Rato assegura que o Japão quer 'normalizar' política monetária
Agência EFE
ESSEN (Alemanha) -
O diretor-gerente do Fundo Monetário Internacional (FMI), Rodrigo Rato, assinalou neste sábado em Essen, onde acontece uma reunião do G7, que o Japão anunciou neste encontro que 'normalizará sua política monetária a médio prazo'.
As baixas taxas de juros no Japão estão ajudando a forte depreciação do iene frente ao euro e ao dólar, por isso que o anúncio poderia ser interpretado como um sinal de apaziguamento aos mercados.
A pouca força do iene constitui um dos temas principais dos debates dos ministros dos Estados Unidos, Alemanha, Japão, França, Itália, Reino Unido e Canadá, apesar de vários representantes terem deixado claro que não haverá uma menção direta no comunicado final, por se tratar de um assunto sumamente sensível para os mercados.
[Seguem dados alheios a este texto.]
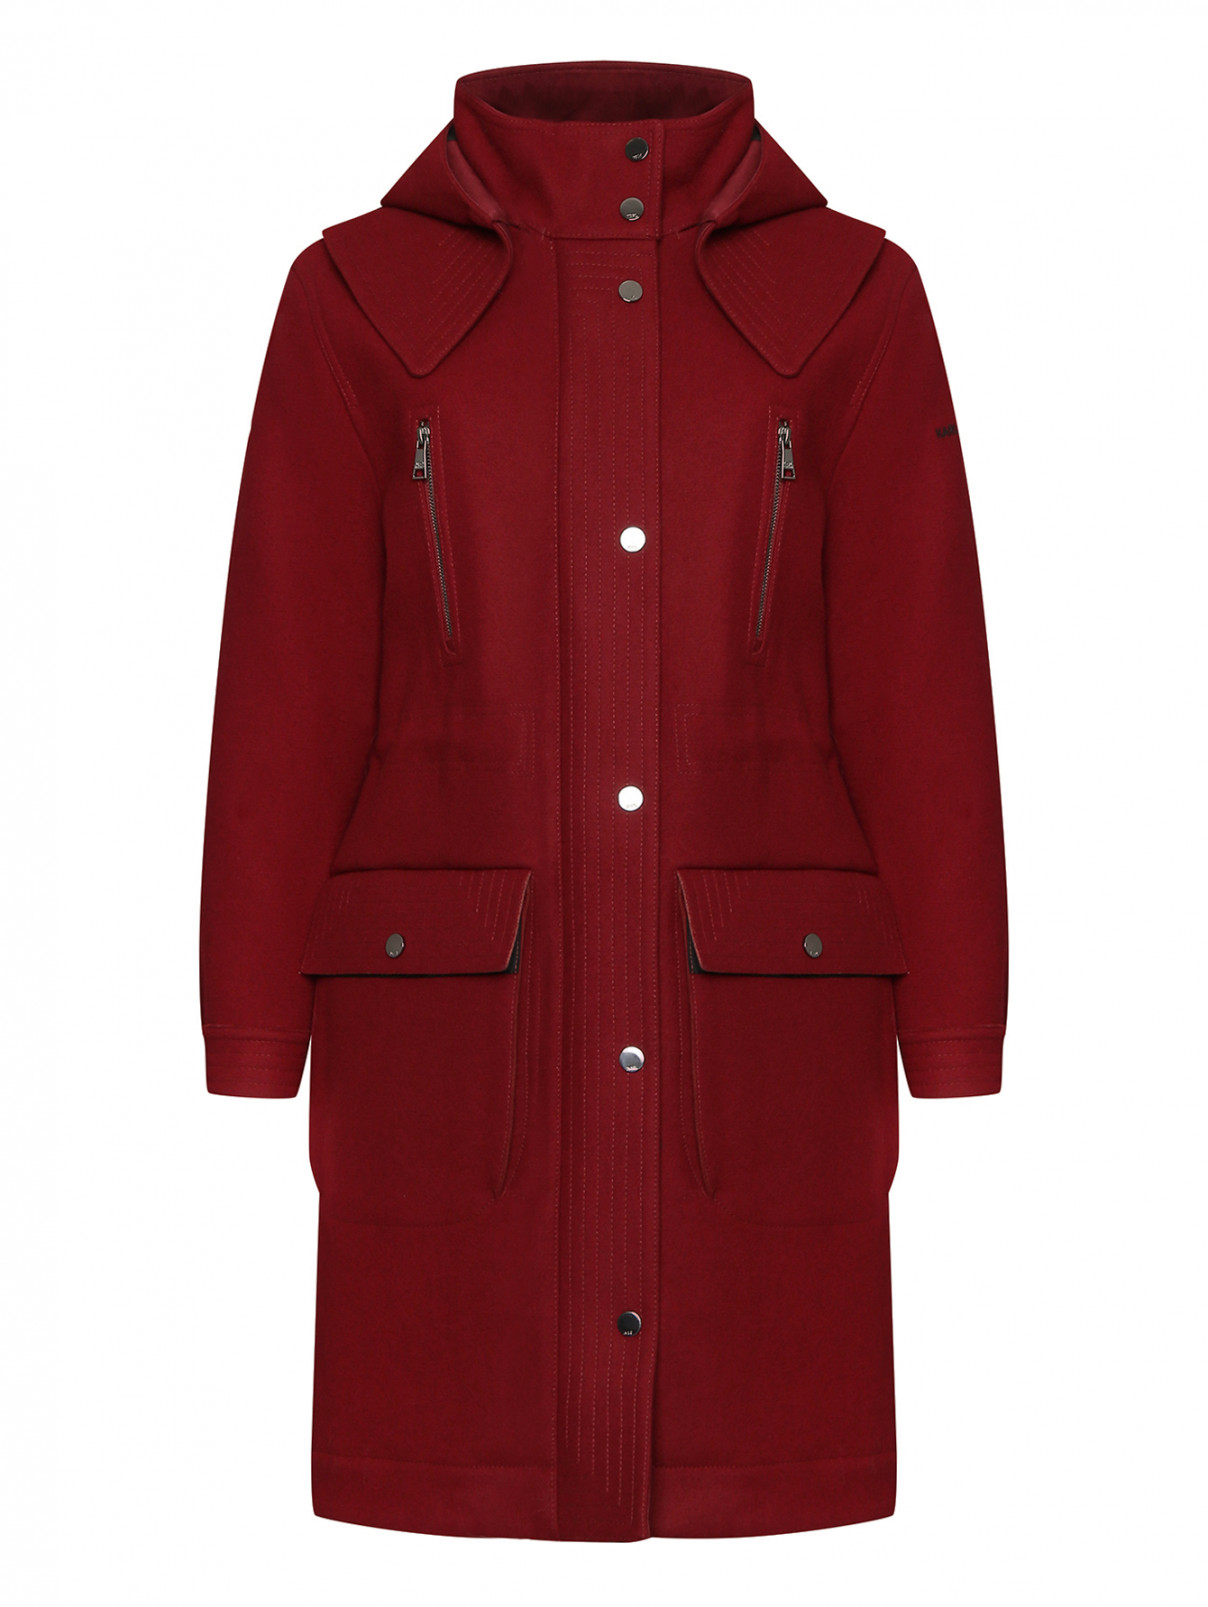 Пальто на молнии с накладными карманами и капюшоном Karl Lagerfeld  –  Общий вид  – Цвет:  Красный
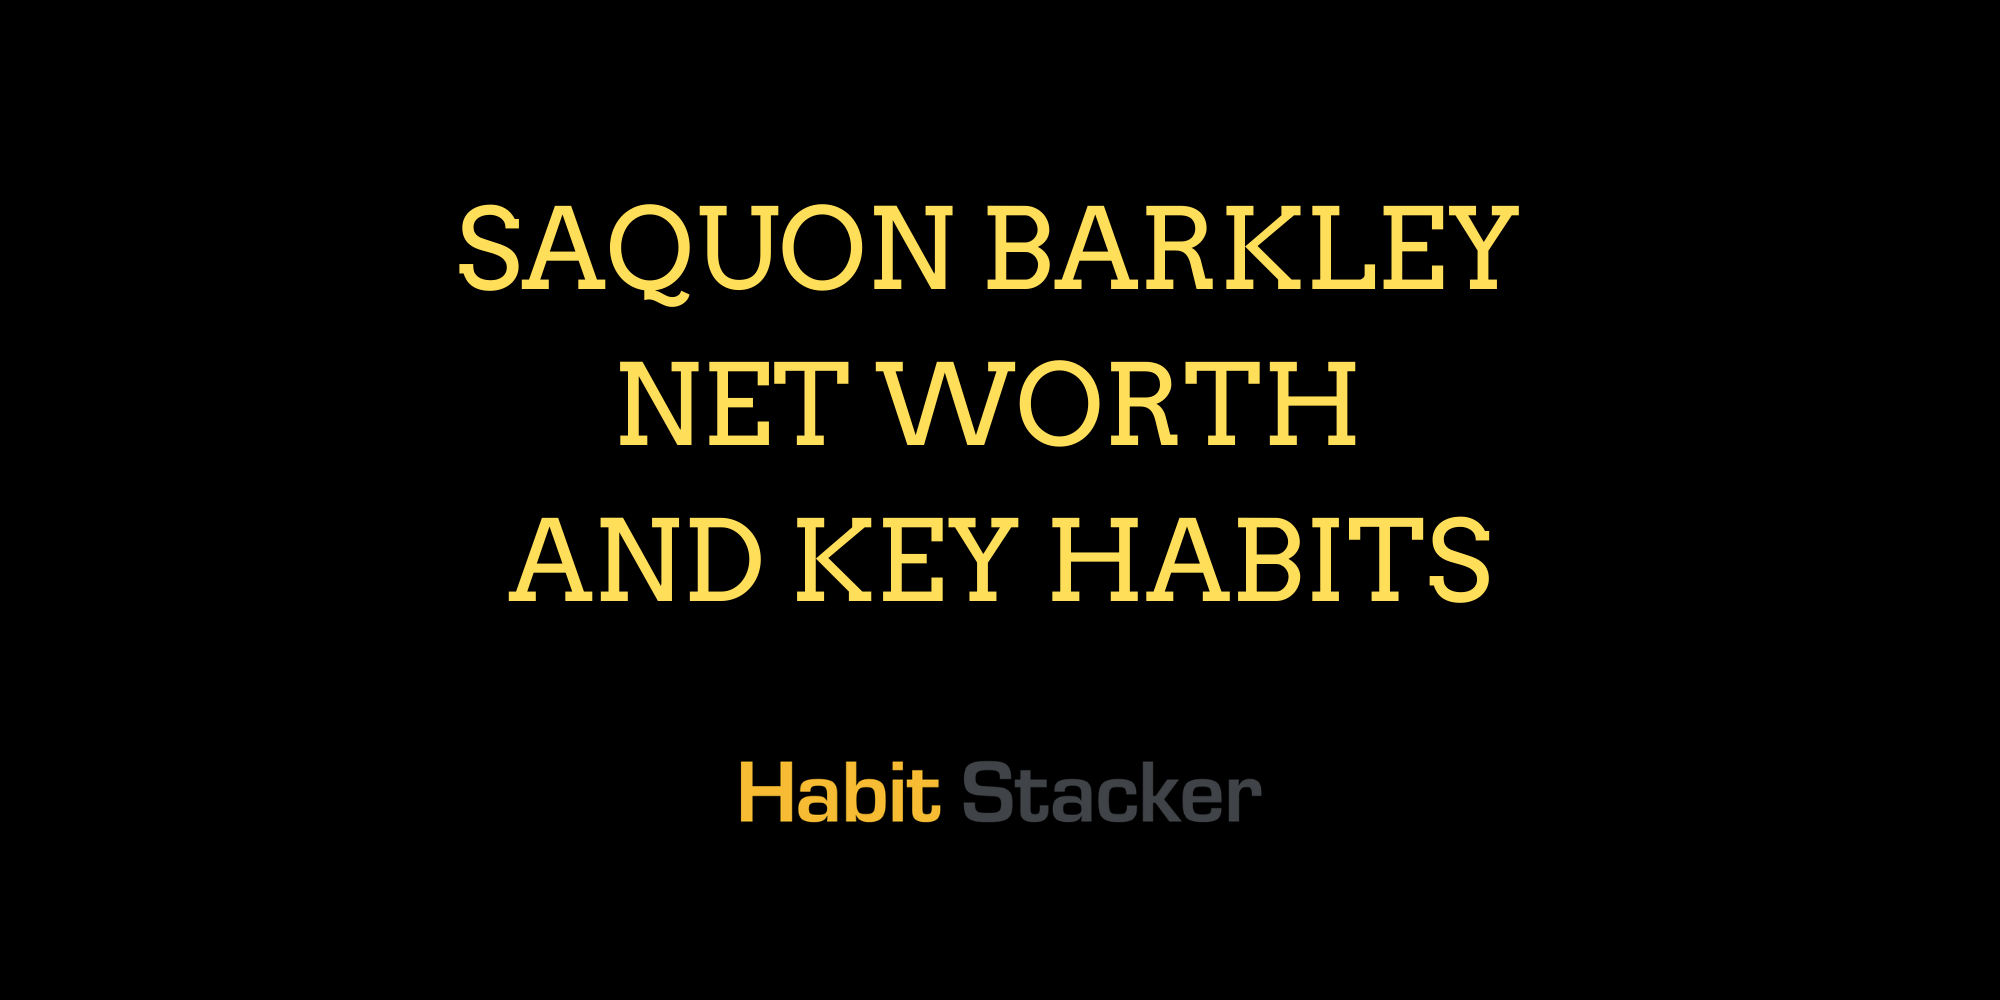 Saquon Barkley Net Worth And Key Habits

Rato não quis se pronunciar sobre o modelo atual do iene, mas deixou entrever que não o preocupa da mesma maneira que os europeus, que vêem em perigo sua competitividade devido ao baixo preço da moeda japonesa.
- O melhor que o Japão pode fazer é continuar crescendo e se manter afastado de pressões inflacionárias - assinalou Rato, insistindo em que uma economia japonesa forte é boa também para a economia européia.
Com relação à situação do iuane, cuja baixa taxa de câmbio já foi discutida em reuniões anteriores do G7, Rato assinalou que é importante que sejam os mercados que definam a cotação da moeda.
Além disso, o diretor-gerente do FMI ressaltou que não só é preciso fixar a paridade do iuane frente ao dólar, mas também frente a outras moedas.
Rato assinalou que durante a reunião também foi abordado a reforma do FMI e assegurou que no G7 há consenso que este assunto esteja evoluindo favoravelmente.
O otimismo de Rato contrasta com a versão oferecida pelo ministro alemão de Finanças, Peer Steinbrück, que ontem reconheceu que as posturas são ainda muito díspares entre os membros do FMI, sobretudo quanto à ponderação de votos.